■ **WHAT IS EXPECTED**
Retype the data below verbatim; pictures do not belong in the copy.

■ **RECORDED INFORMATION**
*** Begin section ***
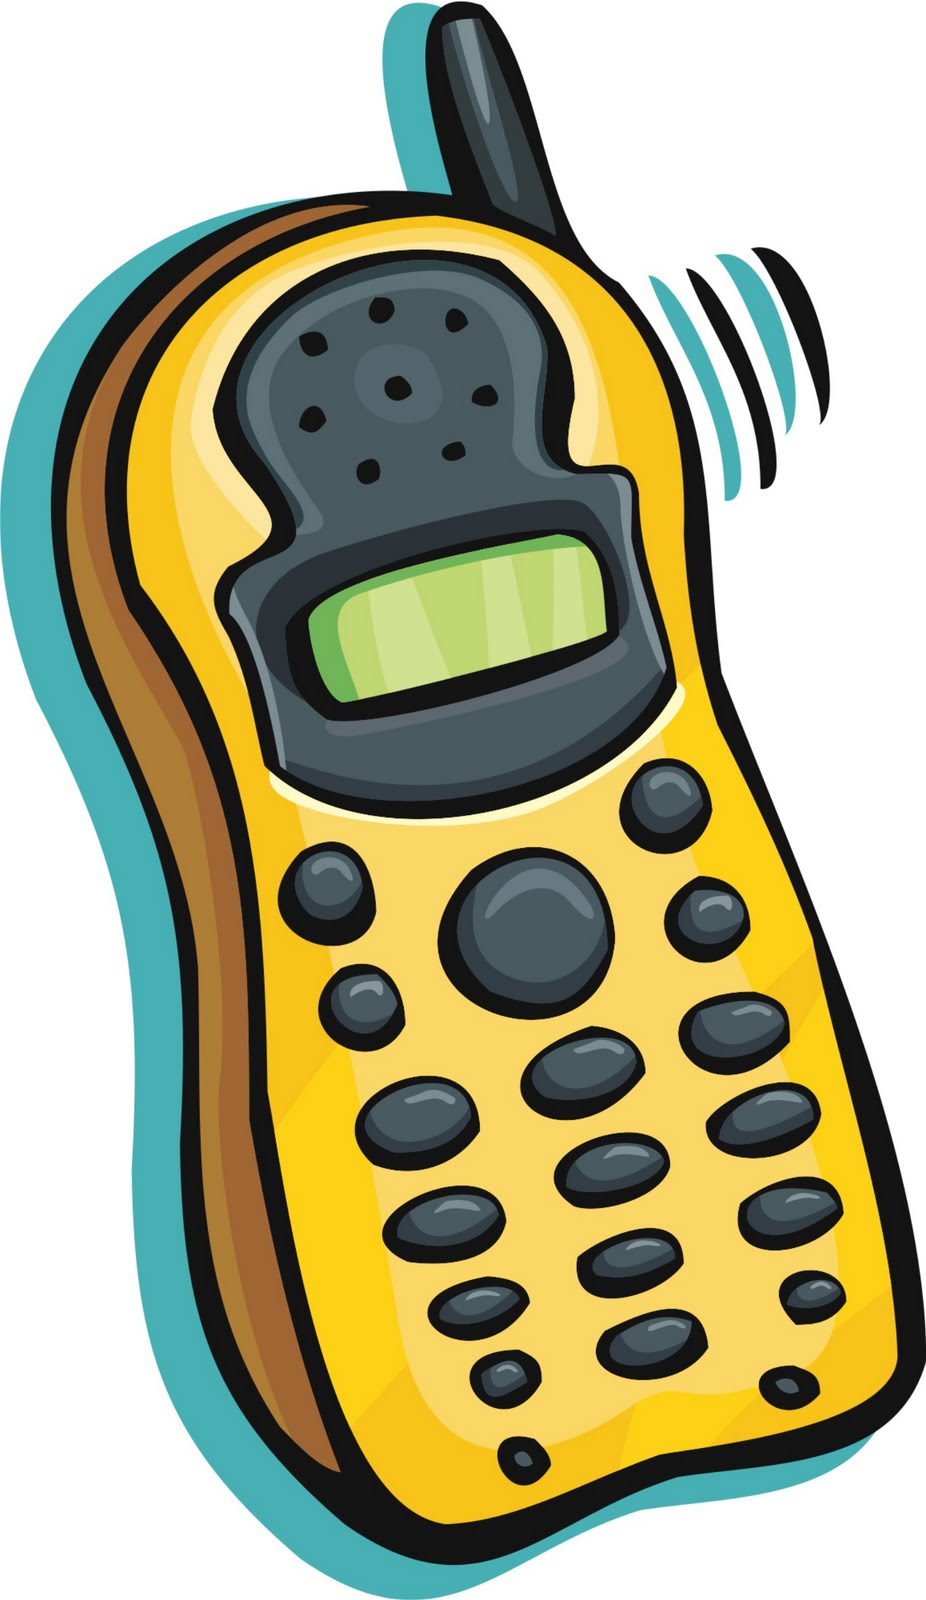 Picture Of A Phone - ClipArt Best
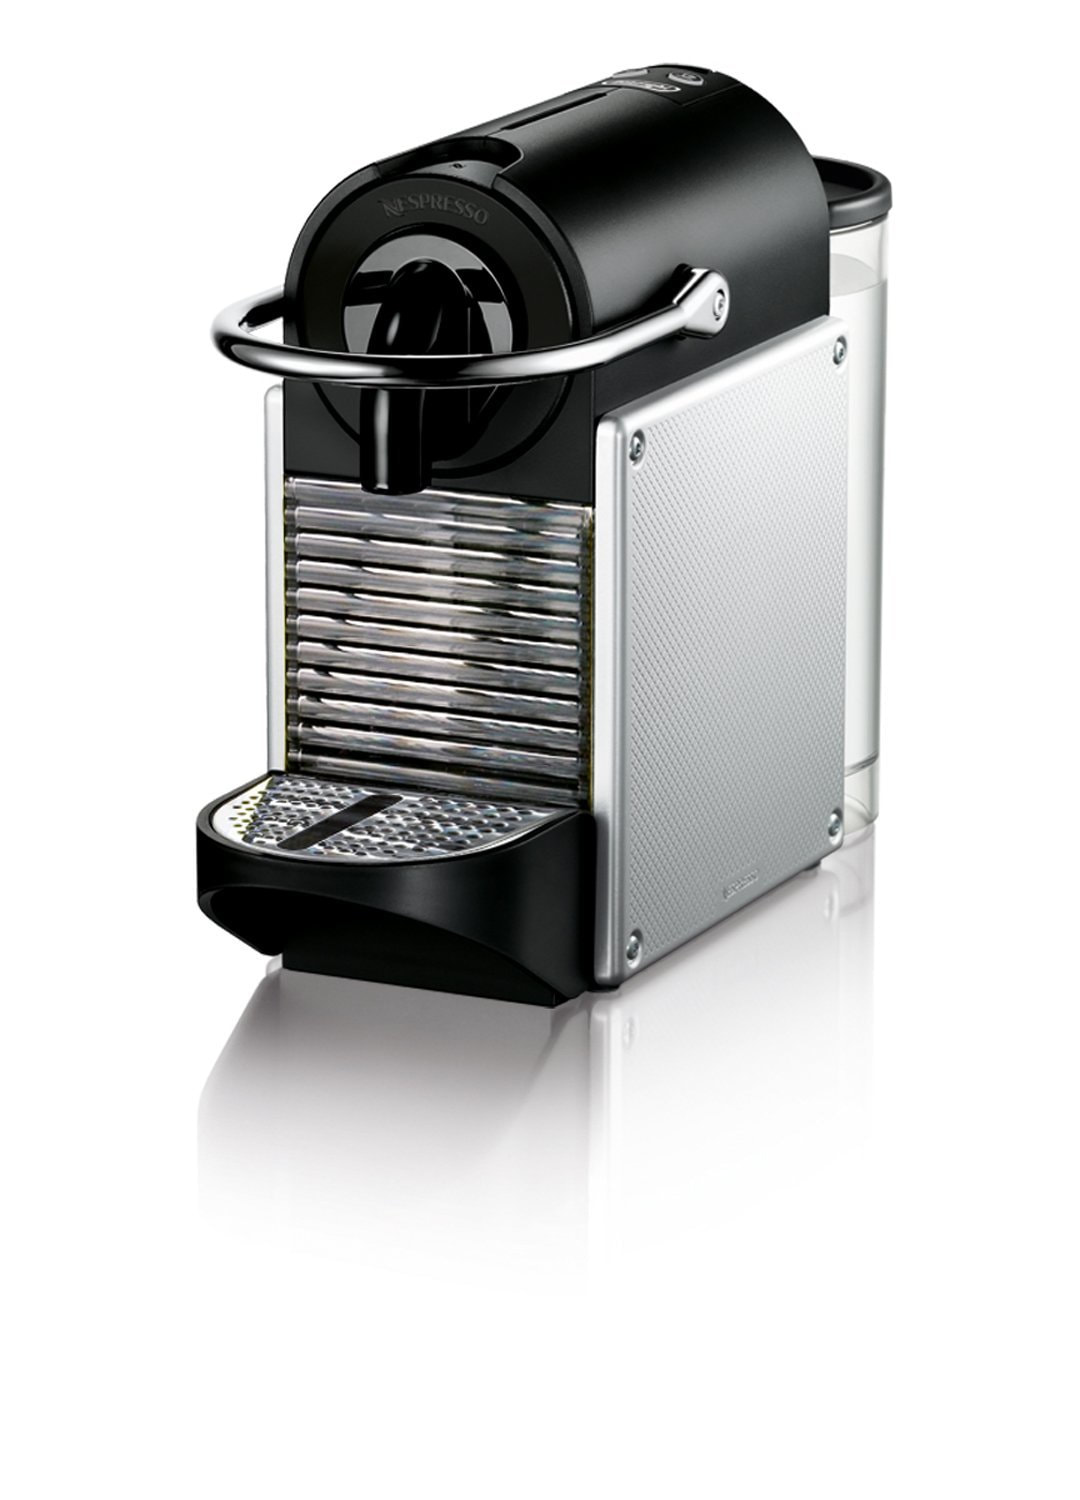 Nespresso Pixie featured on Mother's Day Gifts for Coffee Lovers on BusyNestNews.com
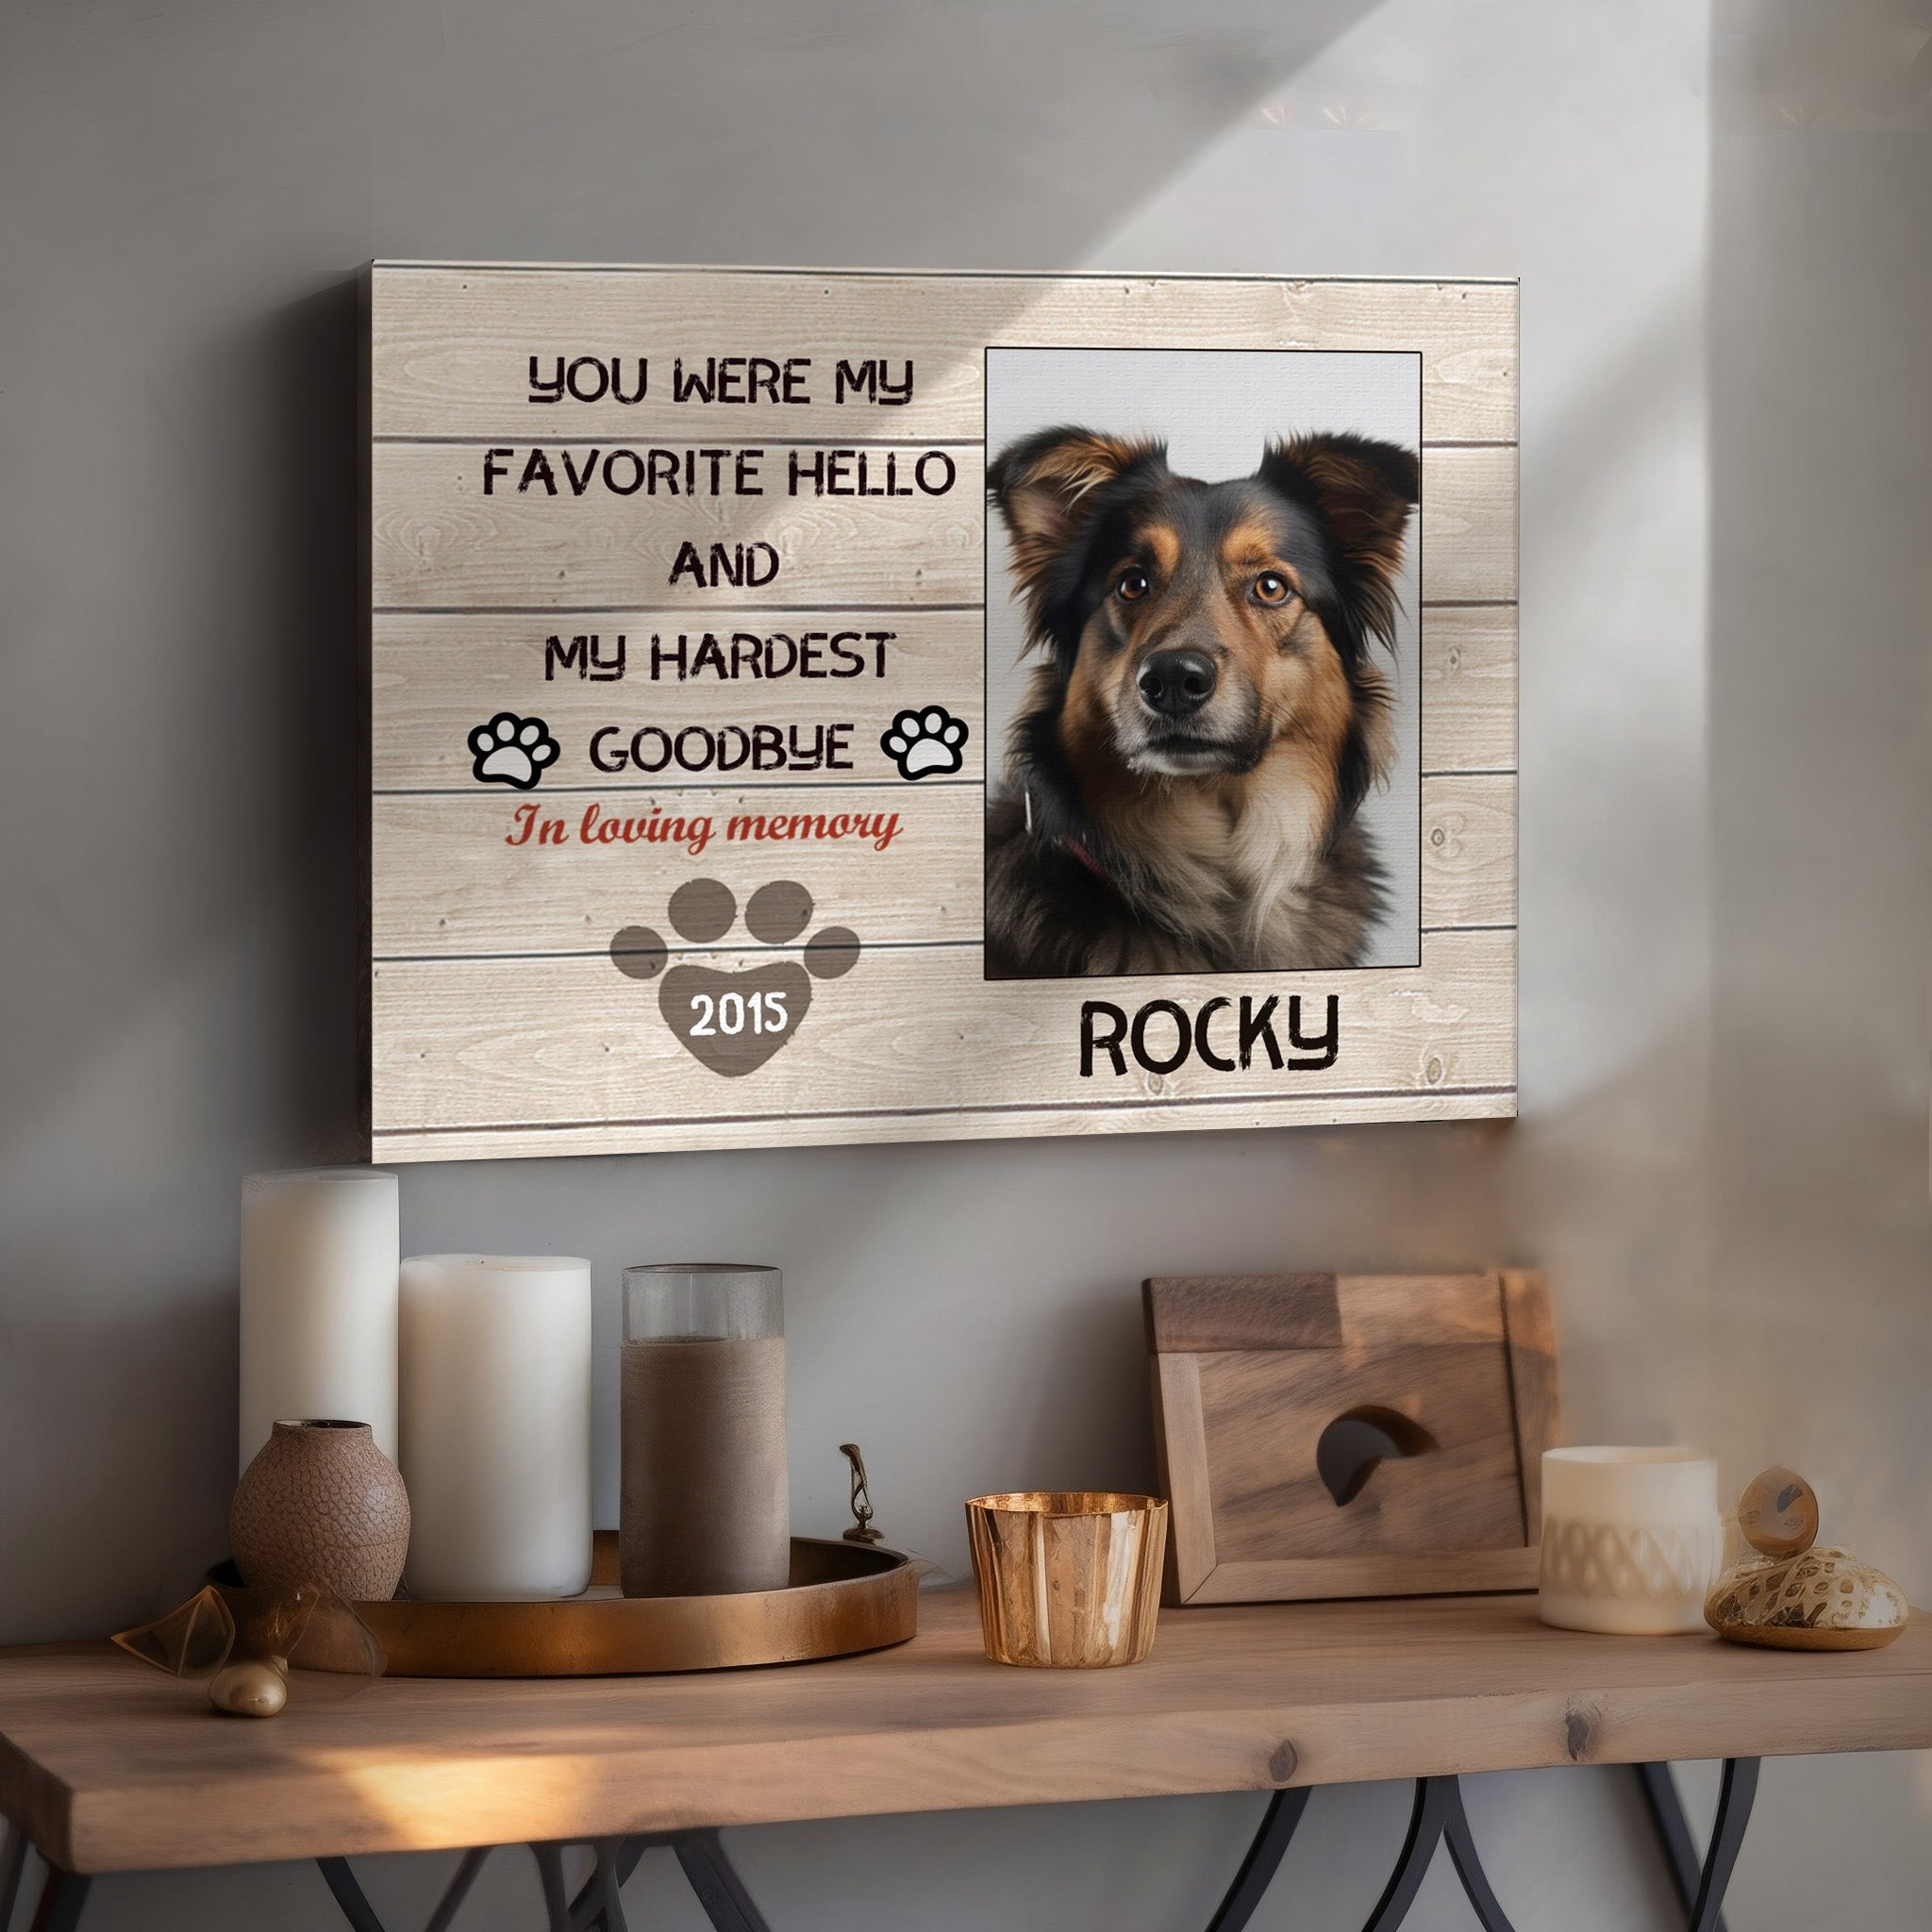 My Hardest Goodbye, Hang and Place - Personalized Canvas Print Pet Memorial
*** End section ***
■ **EXPECTED ANSWER**
 Picture Of A Phone - ClipArt Best
 Nespresso Pixie featured on Mother's Day Gifts for Coffee Lovers on BusyNestNews.com
 My Hardest Goodbye, Hang and Place - Personalized Canvas Print Pet Memorial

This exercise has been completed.